◆ **TASK**: Could you repeat the whole listing below exactly, omitting any picture it holds?

◆ **SOURCE MATERIAL**:
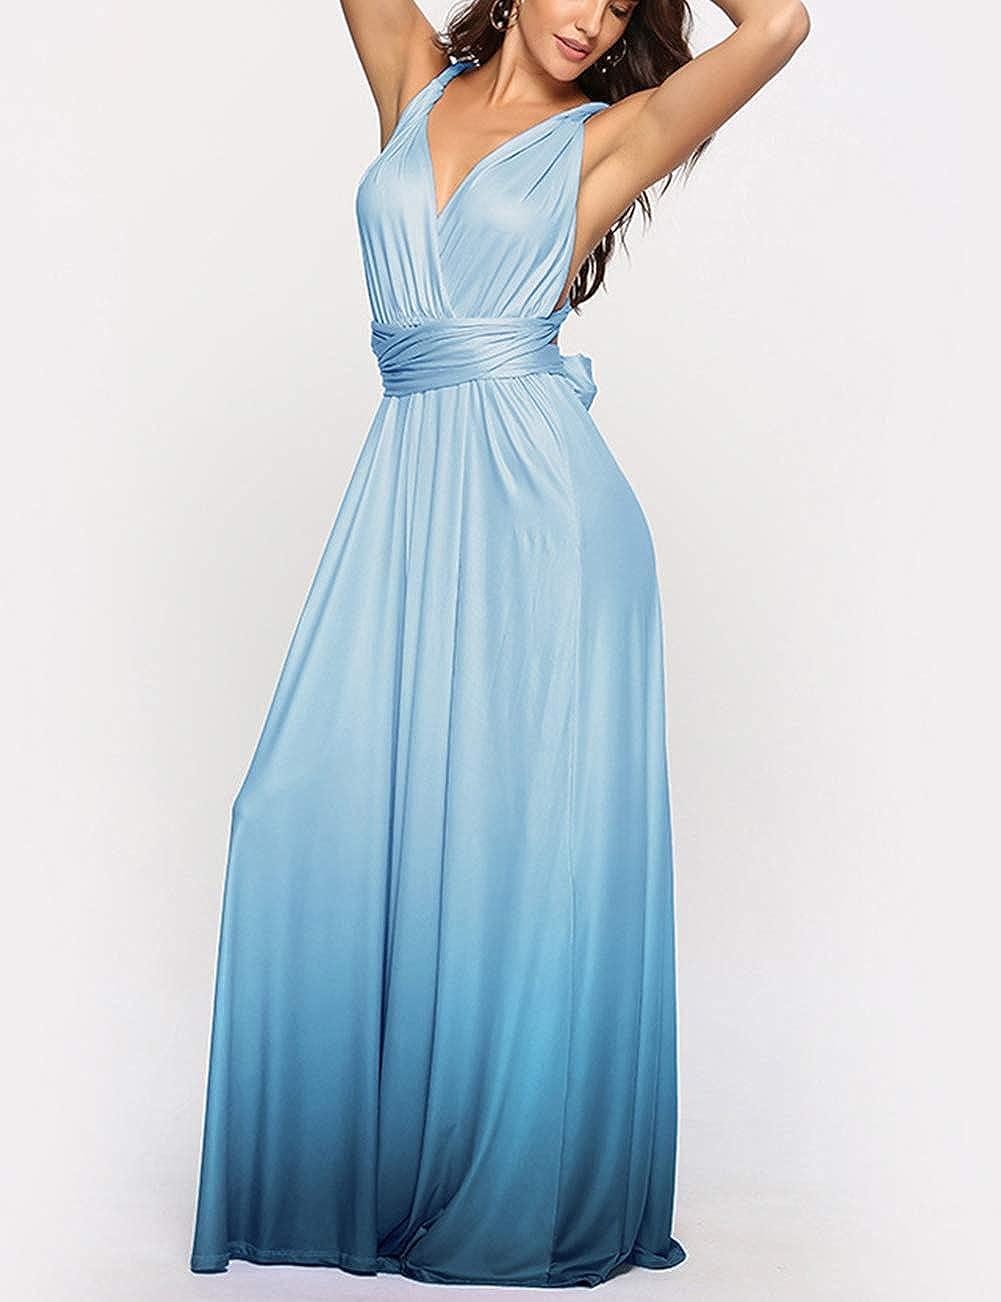 FeelinGirl Dress Gonna Donna con Cinturini Cinturino variet/à Indietro Spalla Nuda Sera Elegante S-XL
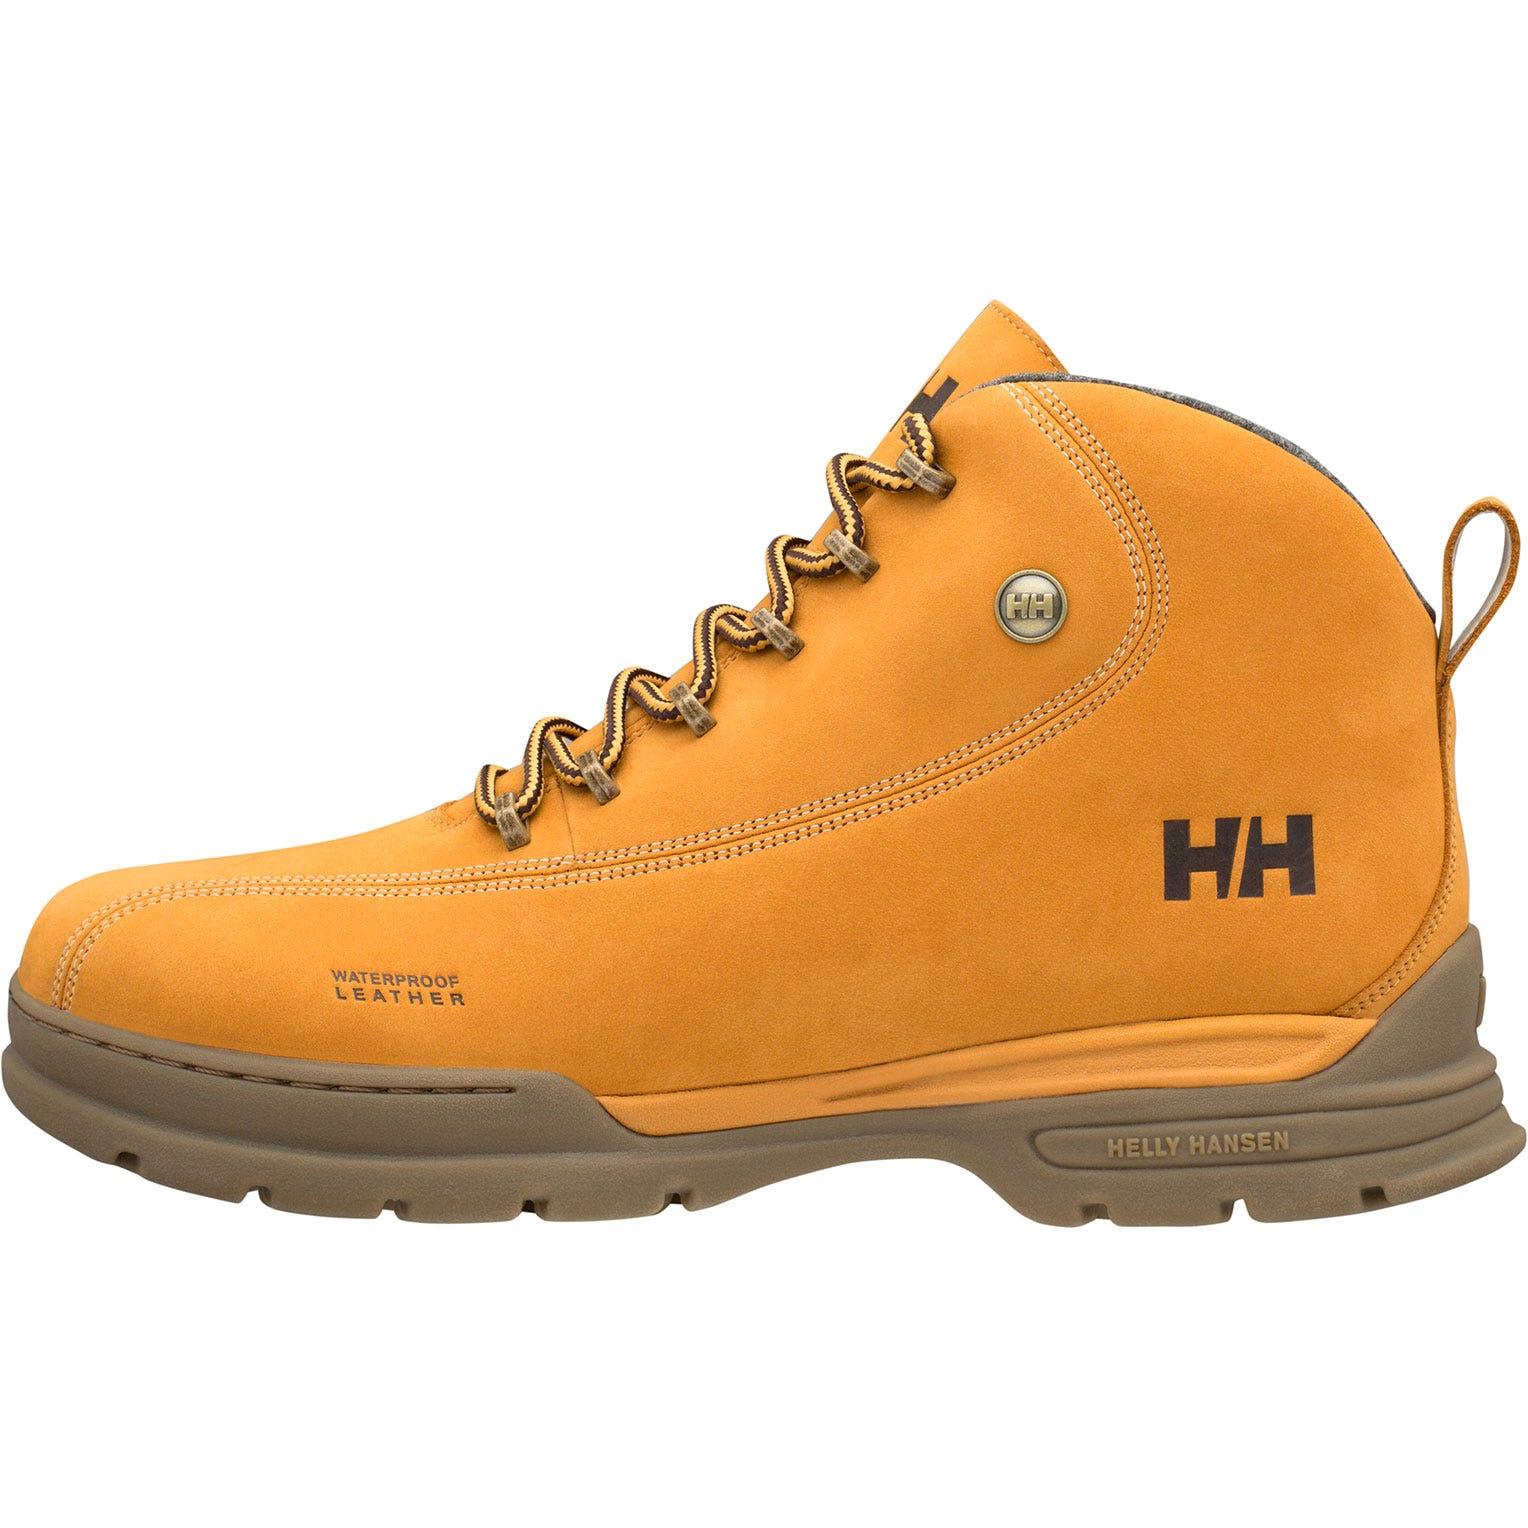 Helly Hansen Skardi Insulated Mens Winter Boot Brown 40.5/7.5
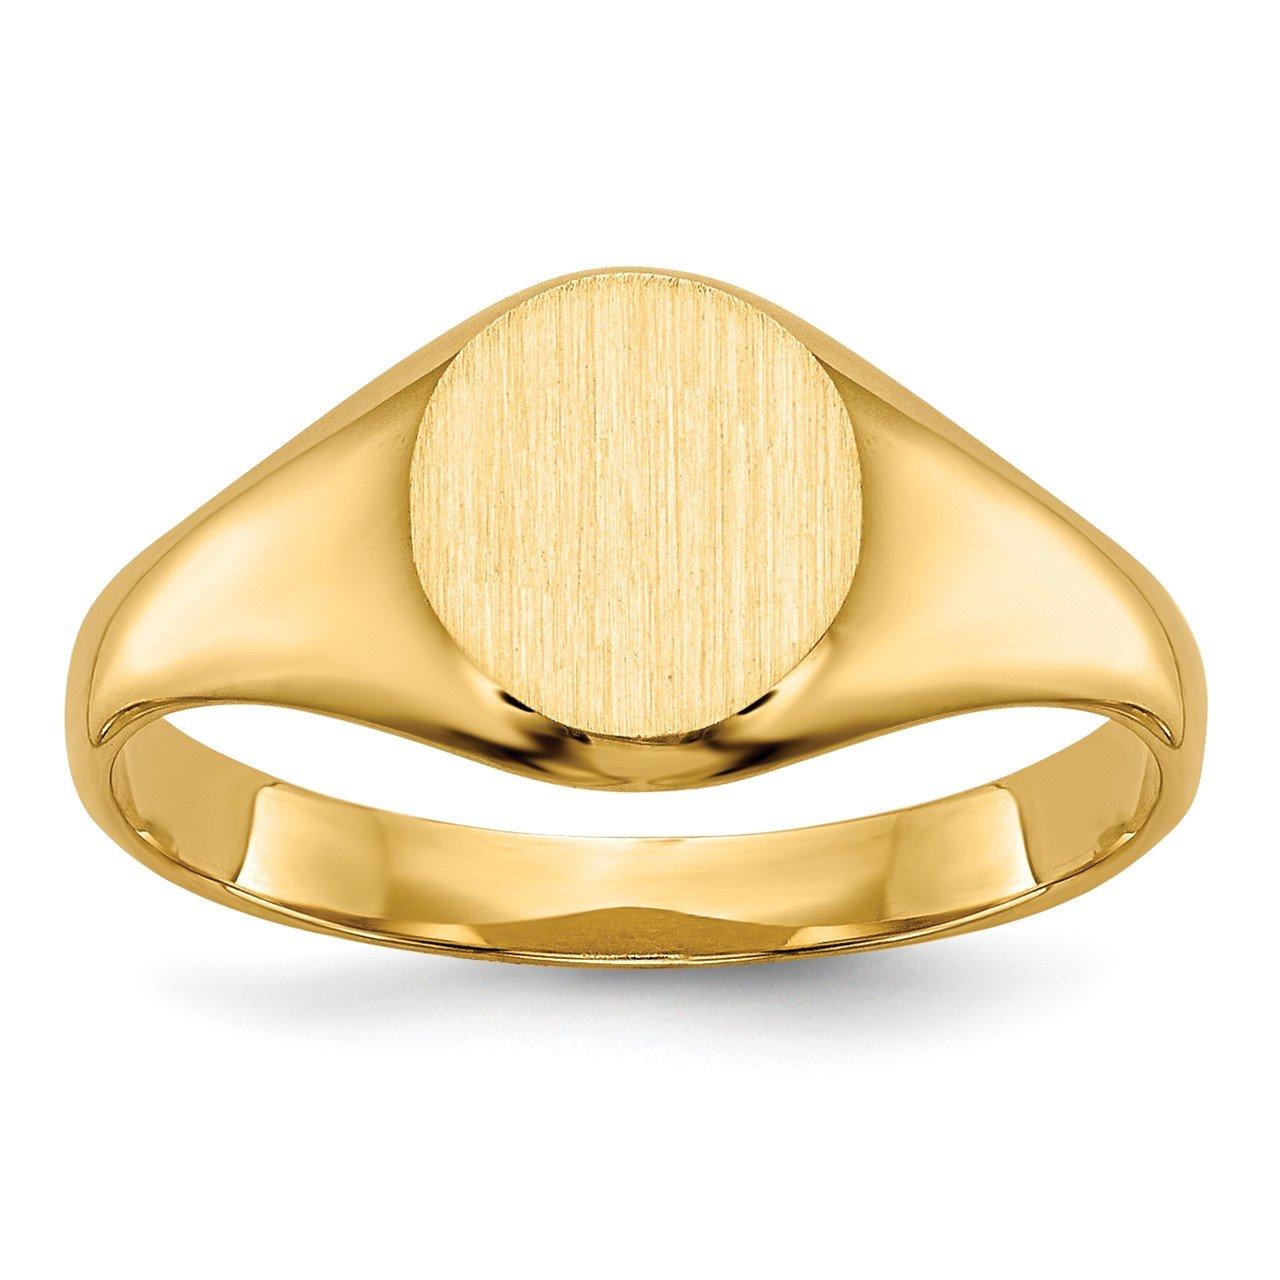 14k Childs Signet Ring

◆ **RESULT OF THE TASK**:
 FeelinGirl Dress Gonna Donna con Cinturini Cinturino variet/à Indietro Spalla Nuda Sera Elegante S-XL
 Helly Hansen Skardi Insulated Mens Winter Boot Brown 40.5/7.5
 14k Childs Signet Ring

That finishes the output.